Never have a picture of a well-adjusted African on the cover of your book, or in it, unless that African has won the Nobel Prize. An AK-47, prominent ribs, naked breasts: use these. If you must include an African, make sure you get one in Masai or Zulu or Dogon dress.
In your text, treat Africa as if it were one country. It is hot and dusty with rolling grasslands and huge herds of animals and tall, thin people who are starving. Or it is hot and steamy with very short people who eat primates. Don’t get bogged down with precise descriptions.
Africa is big: fifty-four countries, 900 million people who are too busy starving and dying and warring and emigrating to read your book. The continent is full of deserts, jungles, highlands, savannahs and many other things, but your reader doesn’t care about all that, so keep your descriptions romantic and evocative and unparticular.

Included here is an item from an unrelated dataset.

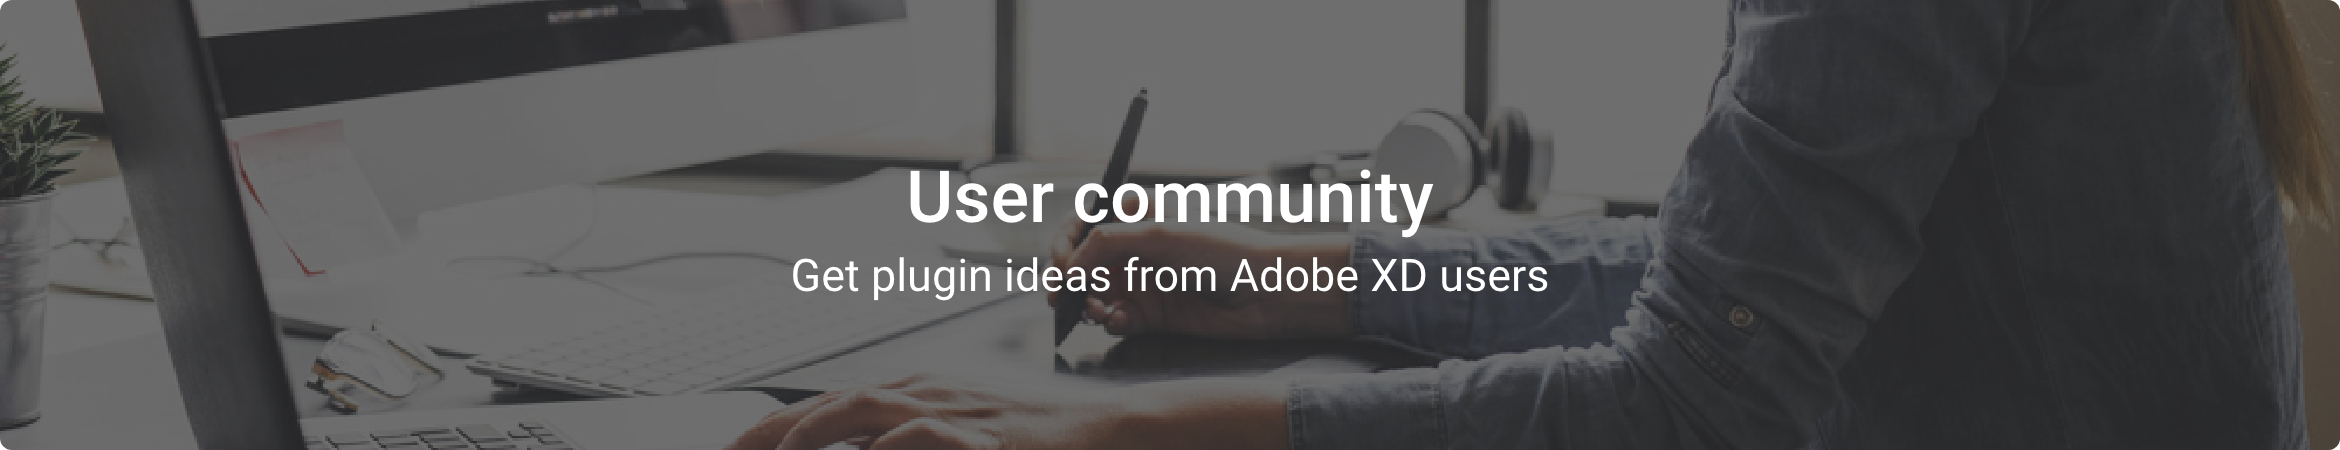 Adobe XD user community

The above are not my words but those of a friend satirising how western media views and reports Africa. To the average westerner, Africa is synonymous with war, famine, disease and all kinds of disaster. This image is reinforced by what has become known as the ‘bad news syndrome’, under which all the positive developments taking place on the continent are not deemed to be newsworthy and therefore go unreported.
This practice is underpinned by the so-called aid and international charity organisations that bombard the western psyche with constant images war, famine, disease or disaster-stricken men, women and children on television screens on an almost daily basis. As an African, I find such reports misleading and often insulting. And as a journalist, I deem such subjective reportage as professionally bankrupt. It is said that no news is good news. But I often ask, is all good news bad?
According to a survey by the Global Peace Index (GPI) 2011 that measures the relative position of nations’ and regions’ peacefulness, there was a dearth of reporting on the successful African countries last year. Botswana, Africa’s highest scoring country on the GPI received a total of three reports, Malawi (two reports), Ghana (eight reports) and Mozambique (15 reports). Coverage on these countries spread across 29 networks from 11 countries in a one-year period.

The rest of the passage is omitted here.